S Corp Distributions in Excess Of Basis: Everything You Need to Know
S corp distributions in excess of basis are distributions that exceed the stock basis of shareholders in an S corporation. 3 min read
2. Rules for Taxes on S Corp Distributions
3. Taxability of Distributions From an S Corp Without Accumulated Earnings and Profits
4. Understanding Stock Basis in an S Corp
5. Excess Distributions
Updated October 15, 2020:
S corp distributions in excess of basis are distributions that exceed the stock basis of shareholders in an S corporation. Unlike a C corporation, an S corp enables its shareholders to report corporate income taxes on their personal income tax returns. They are allowed to classify their earnings as distributions instead of salaries to reduce their tax burdens. However, if they overdo this, they may receive more scrutiny from the IRS.
Understanding the Taxability of S Corp Distributions
An S corporation generally escapes corporate income taxes. It passes items of income, credits, and deductions through to its shareholders, who will in turn pay taxes on them at an individual level. The way S corp distributions are made depends on the shareholders' basis in their stocks, as well as the company's earnings and profits, and accumulated adjustment account. A distribution from earnings and profits is regarded as a dividend.
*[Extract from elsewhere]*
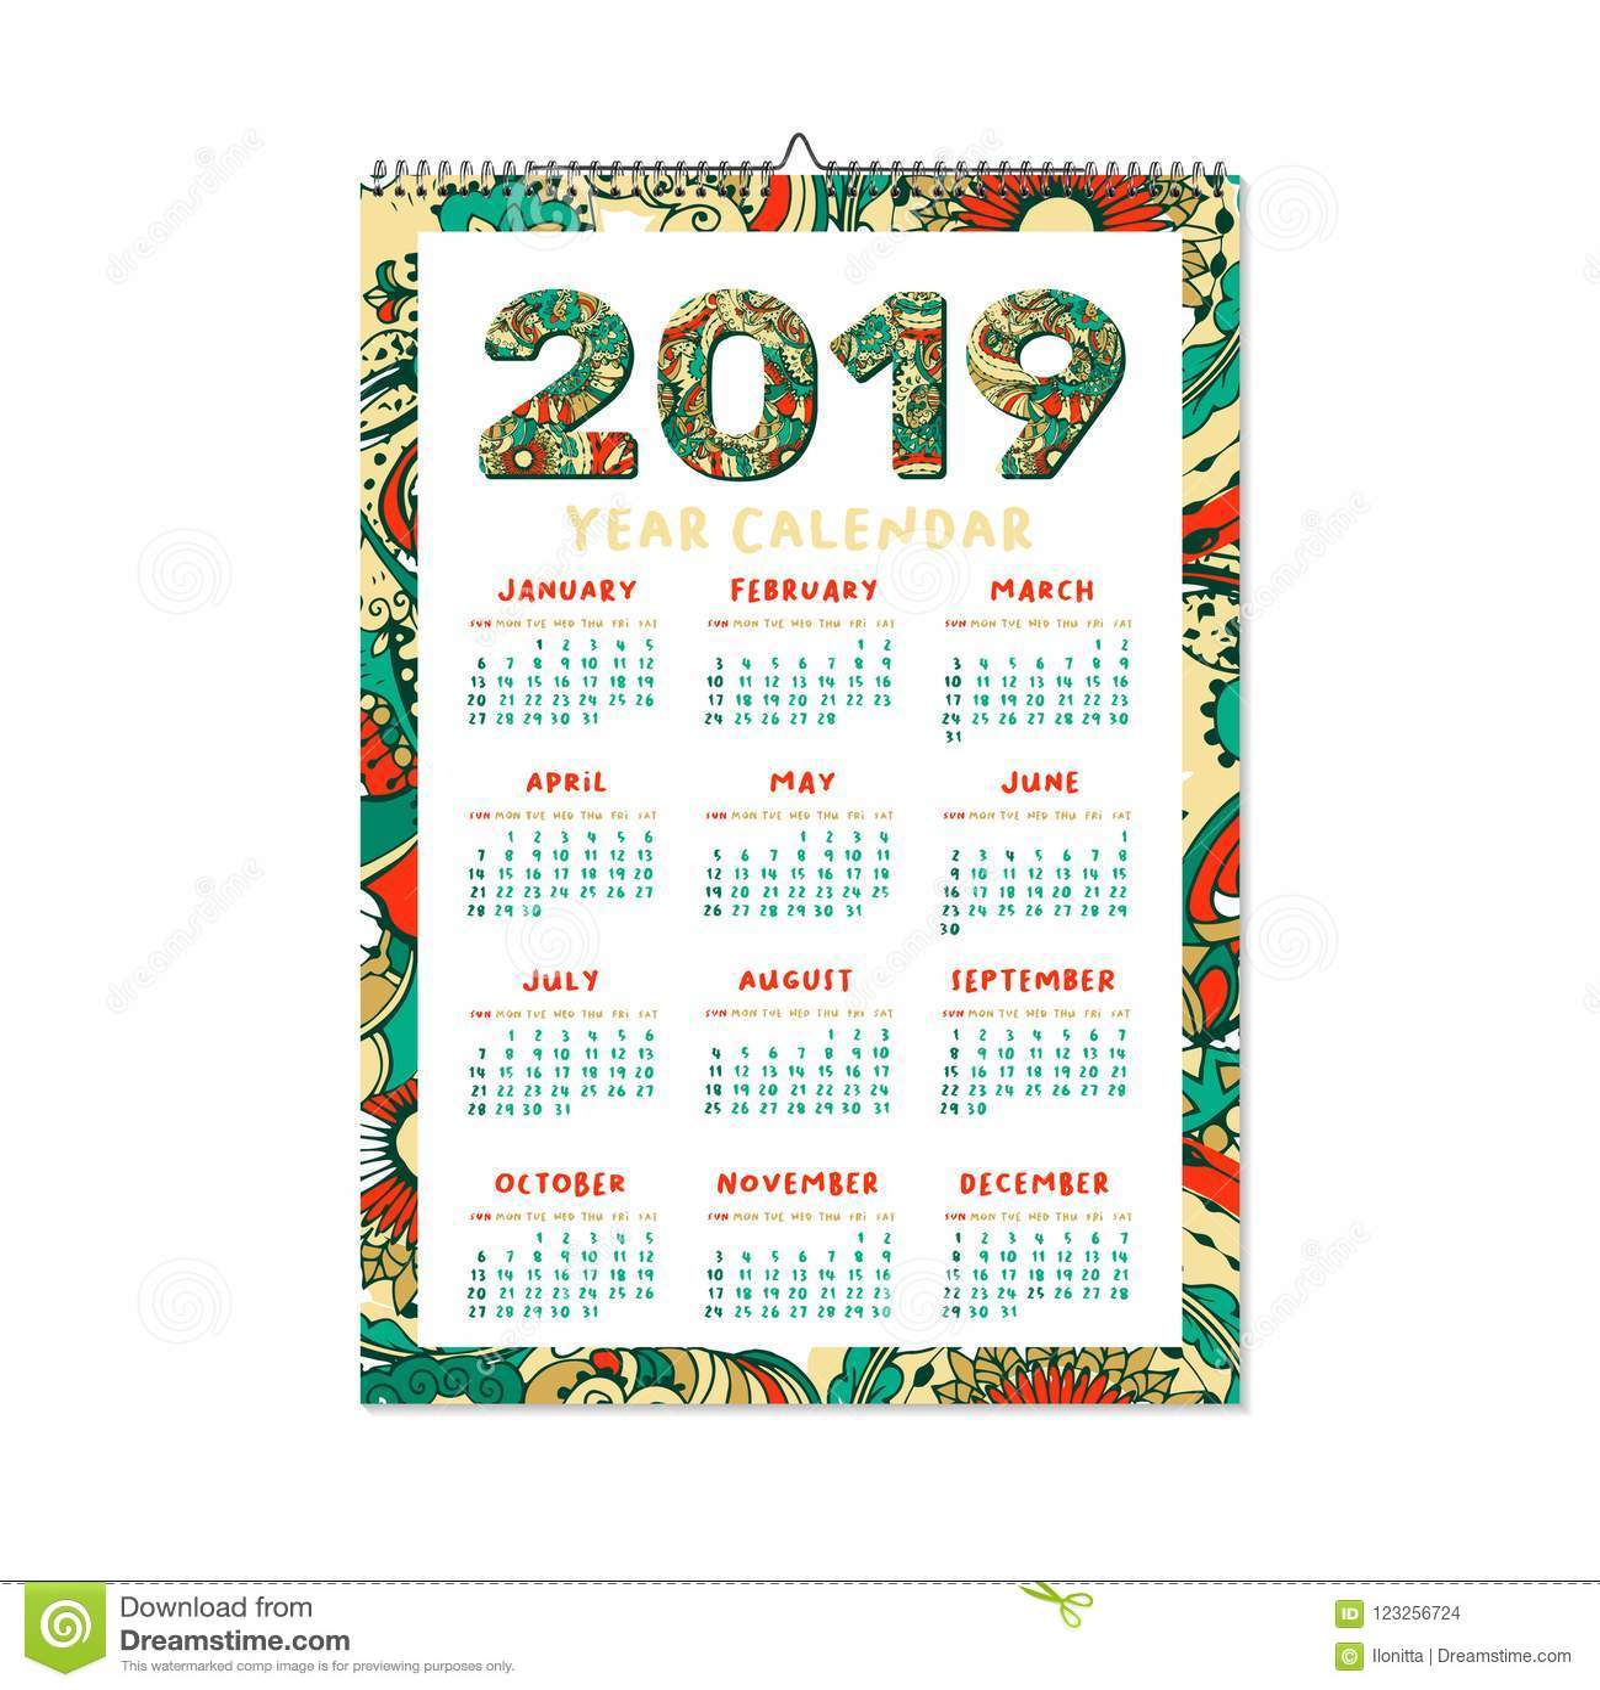 2019 year calendar xmas or happy new year holiday design

Under Section 1368, a distribution of property or cash in an S corporation may result in three possible tax outcomes for the recipient shareholder:
- A taxable dividend.
- A gain from selling the stock, which is usually a capital gain.
- These options become non-mutually exclusive, whereby one distribution may lead to two or three different outcomes.
In order to determine the taxability of an S corp's distributions, it is essential to understand the interrelationship between stock basis, previously-taxed income, earnings and profits, and the accumulated adjustments account. Inability to do so can add unnecessary complication to the process and possibly result in an incorrect conclusion.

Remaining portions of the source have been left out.